= RECORDS FOR THE TASK =
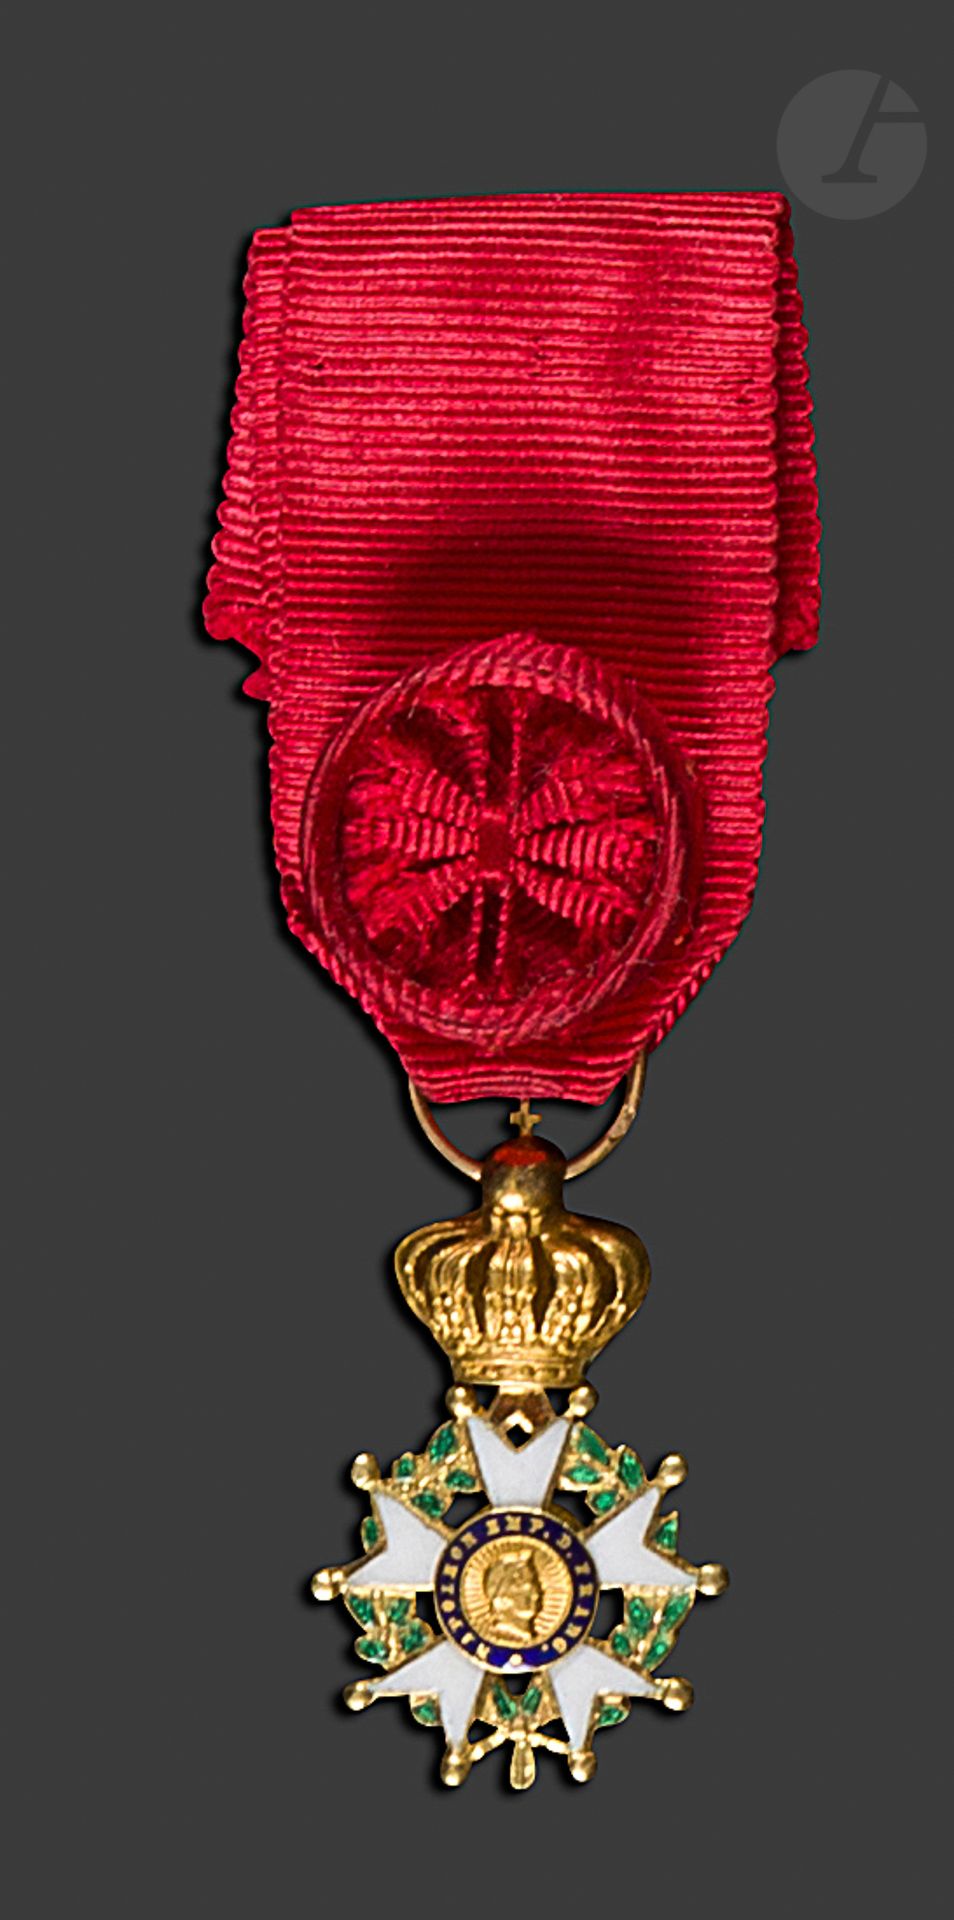 Null 法国
荣誉
军团
勋章
第二帝国时期的微缩军官之星。
以黄金和珐琅为材料。
21 x 18 mm - 毛重：3 gT
.
T
.B. To SUP

&hellip;

= WHAT IS REQUIRED =
Leaving the pictures out, output the material exactly as it appears.

= SOLUTION =
 Null 法国
荣誉
军团
勋章
第二帝国时期的微缩军官之星。
以黄金和珐琅为材料。
21 x 18 mm - 毛重：3 gT
.
T
.B. To SUP

&hellip;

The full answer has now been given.